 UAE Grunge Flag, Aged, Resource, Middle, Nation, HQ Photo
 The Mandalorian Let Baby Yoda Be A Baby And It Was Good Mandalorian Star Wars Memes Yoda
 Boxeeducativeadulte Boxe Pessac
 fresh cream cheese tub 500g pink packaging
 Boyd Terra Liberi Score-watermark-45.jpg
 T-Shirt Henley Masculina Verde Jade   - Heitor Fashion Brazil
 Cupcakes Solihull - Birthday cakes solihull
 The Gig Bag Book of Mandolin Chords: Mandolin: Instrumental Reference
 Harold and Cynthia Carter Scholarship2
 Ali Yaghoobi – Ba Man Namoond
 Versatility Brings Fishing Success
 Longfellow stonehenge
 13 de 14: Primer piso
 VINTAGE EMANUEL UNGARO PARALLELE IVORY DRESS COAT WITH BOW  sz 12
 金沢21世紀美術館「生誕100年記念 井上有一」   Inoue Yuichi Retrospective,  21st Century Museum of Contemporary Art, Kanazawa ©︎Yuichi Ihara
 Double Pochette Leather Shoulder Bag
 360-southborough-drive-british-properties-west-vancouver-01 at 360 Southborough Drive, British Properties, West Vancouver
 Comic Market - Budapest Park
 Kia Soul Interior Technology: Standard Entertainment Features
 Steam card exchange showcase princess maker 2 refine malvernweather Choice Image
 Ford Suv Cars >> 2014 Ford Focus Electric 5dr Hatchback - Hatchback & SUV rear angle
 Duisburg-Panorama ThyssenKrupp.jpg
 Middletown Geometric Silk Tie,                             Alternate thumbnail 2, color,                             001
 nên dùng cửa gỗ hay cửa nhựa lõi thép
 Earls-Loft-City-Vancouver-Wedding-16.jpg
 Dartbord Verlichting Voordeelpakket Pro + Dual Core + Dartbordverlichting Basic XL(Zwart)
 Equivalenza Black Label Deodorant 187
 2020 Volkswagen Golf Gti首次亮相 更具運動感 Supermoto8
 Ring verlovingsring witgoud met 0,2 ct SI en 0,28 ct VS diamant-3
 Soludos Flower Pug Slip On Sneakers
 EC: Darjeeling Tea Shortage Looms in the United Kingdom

-.-.-

What the task requires.
When a line in the entries above contains "Vancouver", count it; please answer with the number only.

Problem solution.
2